# STATS

The `STATS` command groups rows based on a common value and calculates one or more aggregated values over the grouped rows.

## Syntax

`STATS [column1 =] expression1 [WHERE boolean_expression1][, ..., [columnN =] expressionN [WHERE boolean_expressionN]] [BY grouping_expression1[, ..., grouping_expressionN]]`

### Parameters

#### `columnX`

The name by which the aggregated value is returned. If omitted, the name defaults to the corresponding expression (`expressionX`). If multiple columns have the same name, all but the rightmost column with this name are ignored.

#### `expressionX`

An expression that computes an aggregated value.

#### `grouping_expressionX`

An expression that outputs the values to group by.
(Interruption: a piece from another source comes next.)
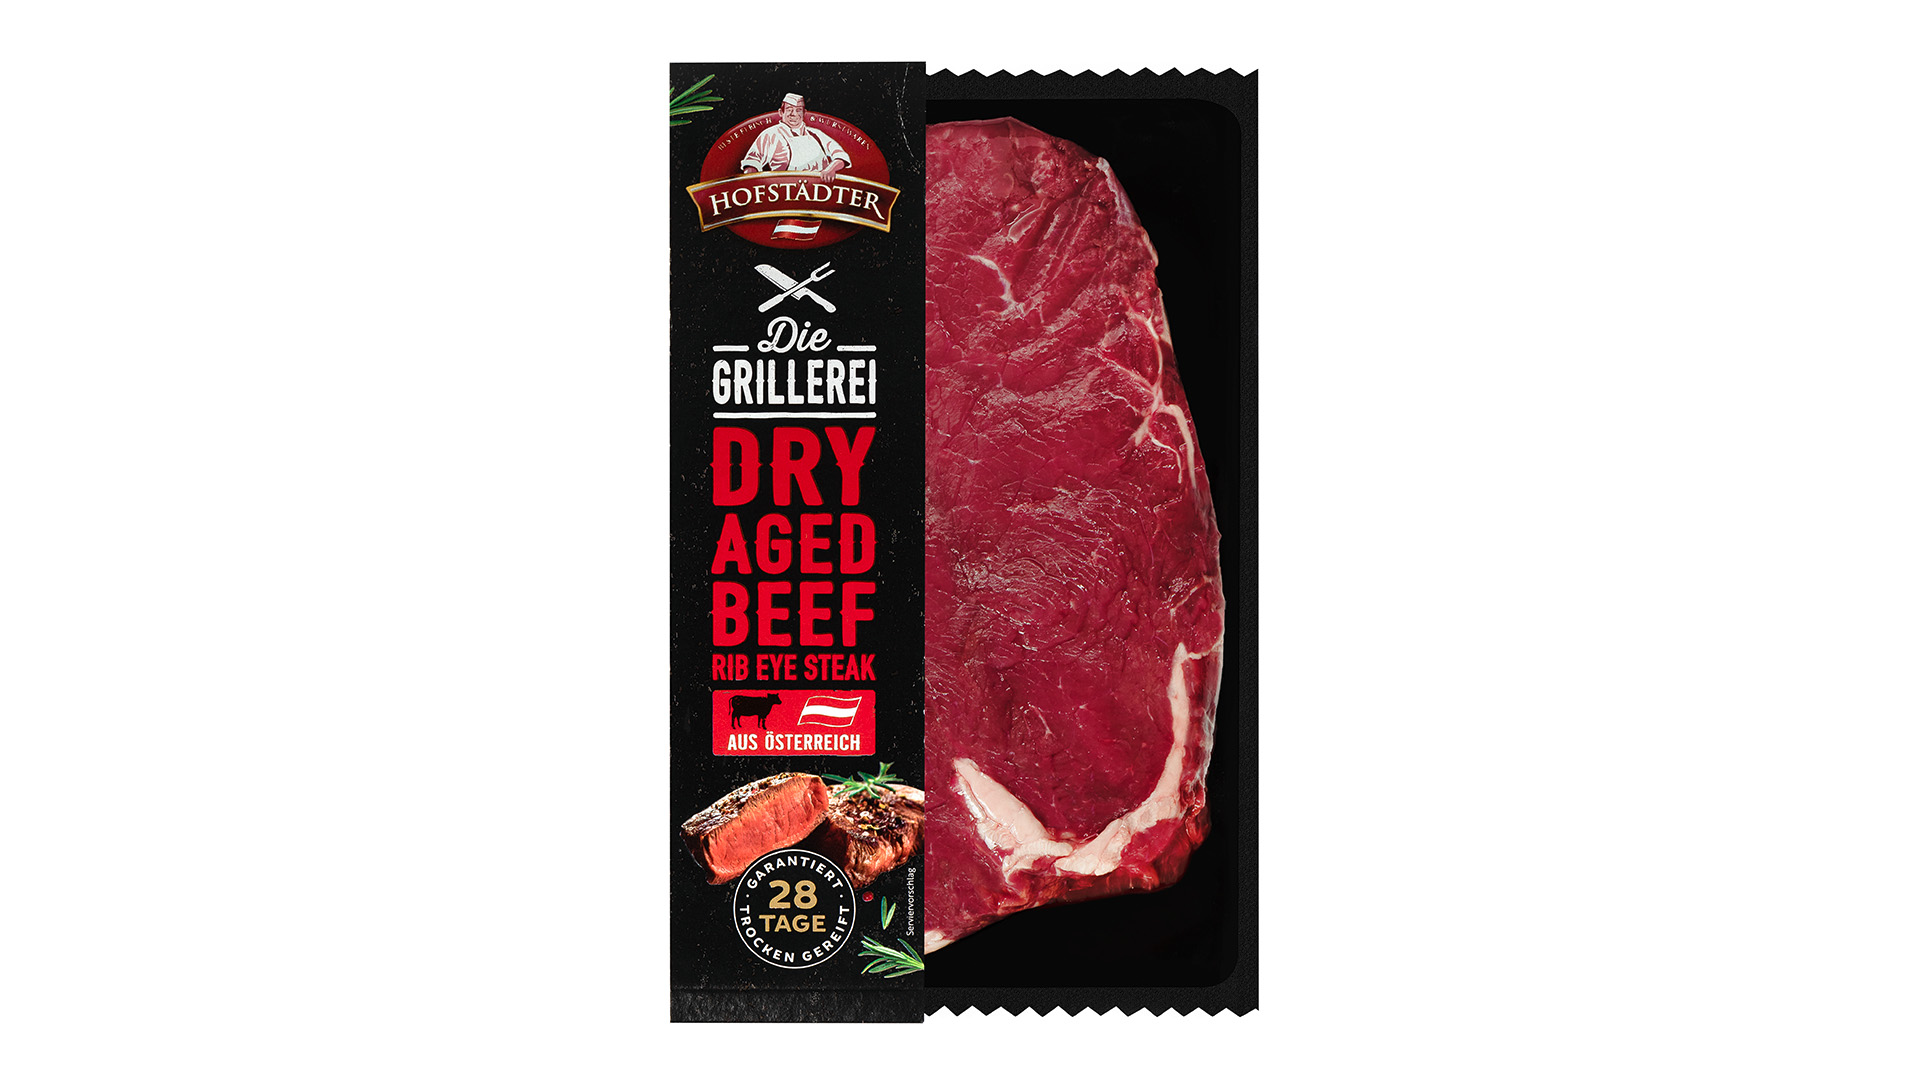 Hofstädter Dry Aged Rib Eye Steak

If its name coincides with one of the computed columns, that column will be ignored.

#### `boolean_expressionX`

The condition that must be met for a row to be included in the evaluation of `expressionX`.

## Examples

### Calculating a statistic and grouping by the values of another column

```esql
FROM employees
| STATS count = COUNT(emp_no) BY languages
| SORT languages
```

Group rows by the `languages` column and calculate the count of `emp_no` for each group.

### Omitting `BY` to return one row with the aggregations applied over the entire dataset

```esql
FROM employees
| STATS avg_lang = AVG(languages)
```

Calculate the average number of languages across all rows.

### Calculating multiple values

```esql
FROM employees
| STATS avg_lang = AVG(languages), max_lang = MAX(languages)
```

Calculate both the average and maximum number of languages.

### Filtering rows that go into an aggregation using `WHERE`

```esql
FROM employees
| STATS avg50s = AVG(salary)::LONG WHERE birth_date < "1960-01-01"
```

Group rows by `gender` and calculate the average salary for employees born before and after 1960.

### Mixing aggregations with and without filters, and optional grouping

```esql
FROM employees
| EVAL Ks = salary / 1000 // thousands
| STATS under_40K = COUNT(*) WHERE Ks < 40, inbetween = COUNT(*) WHERE Ks >= 40 and Ks <= 60, over_60K = COUNT(*) WHERE Ks > 60, total = COUNT(*)
```

Calculate counts for salary ranges (under 40K, between 40K and 60K, over 60K) and the total count.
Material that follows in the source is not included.